Outpatient Visits in Decline During COVID-19

Stethoscope and cell phone. Image by StockSnap from Pixabay

Outpatient care has dramatically changed in the US due to the COVID-19 pandemic. Many elective and preventative visits have been deferred and physicians are increasingly offering telemedicine visits to prevent patients from being exposed to the virus.

A report by associate professor of health care policy Ateev Mehrotra, MD, MPH, Leonard D. Schaeffer Professor of Health Care Policy Michael E. Chernew, PhD, and colleagues published by The Commonwealth Fund shows that visits to ambulatory practices declined nearly 60% in mid-March 2020 and remained low throughout April.

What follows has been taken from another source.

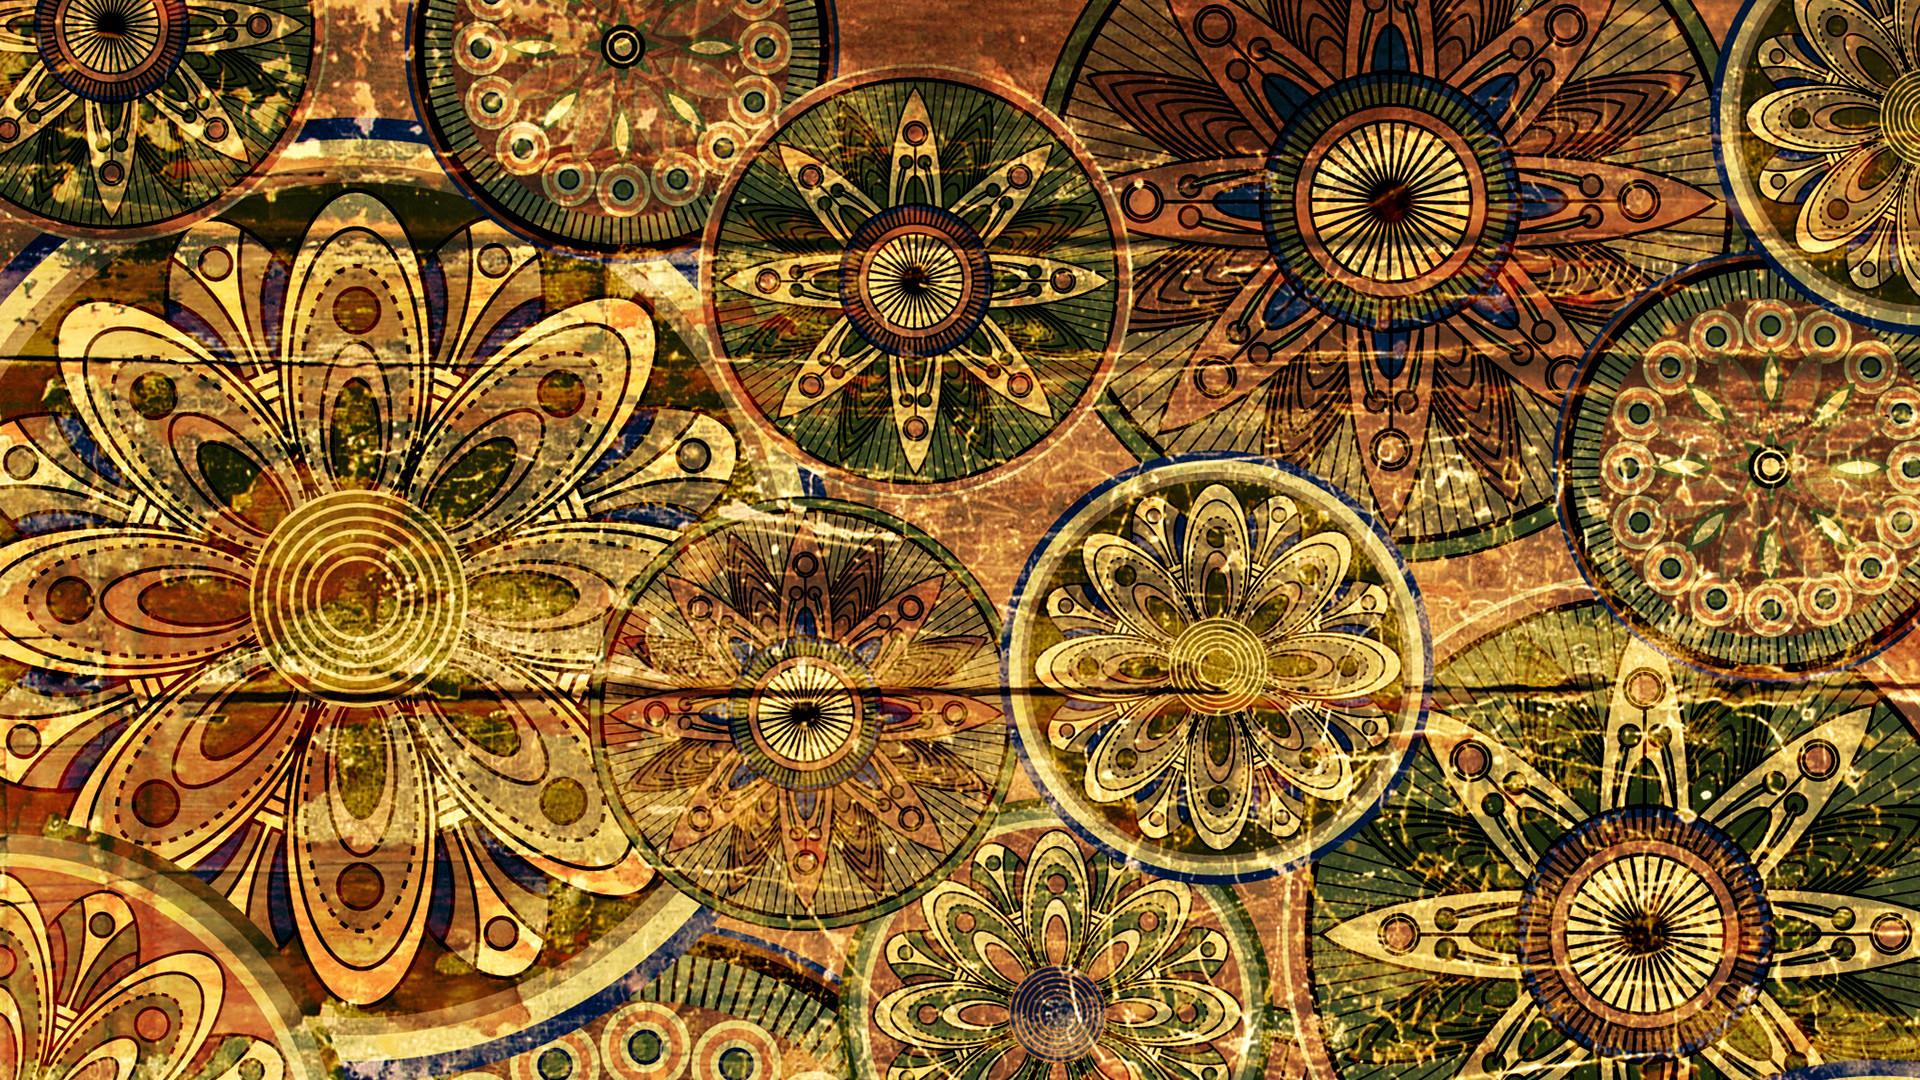 Free Hd Wallpapers Absract Wallpapers Desktop Wallpapers: Tapestry Wallpaper Desktop ·① WallpaperTag

Visit rates dropped most significantly among specialty surgeries and procedures, with other specialties such as adult primary care, oncology, and behavioral health seeing less significant decreases. Patient populations that experienced the largest decreases in in-person visits were older adults and school-age children.

While these declines were seen across the United States, the decline was greatest in the mid-Atlantic and New England regions. Telehealth visits increased as in-person visit rates fell, with nearly 30% of ambulatory visits being provided via telemedicine. However, this increase was not enough to offset the decline of in-person visits entirely.   

This report has been featured in The New York Times, WBUR, and Vox.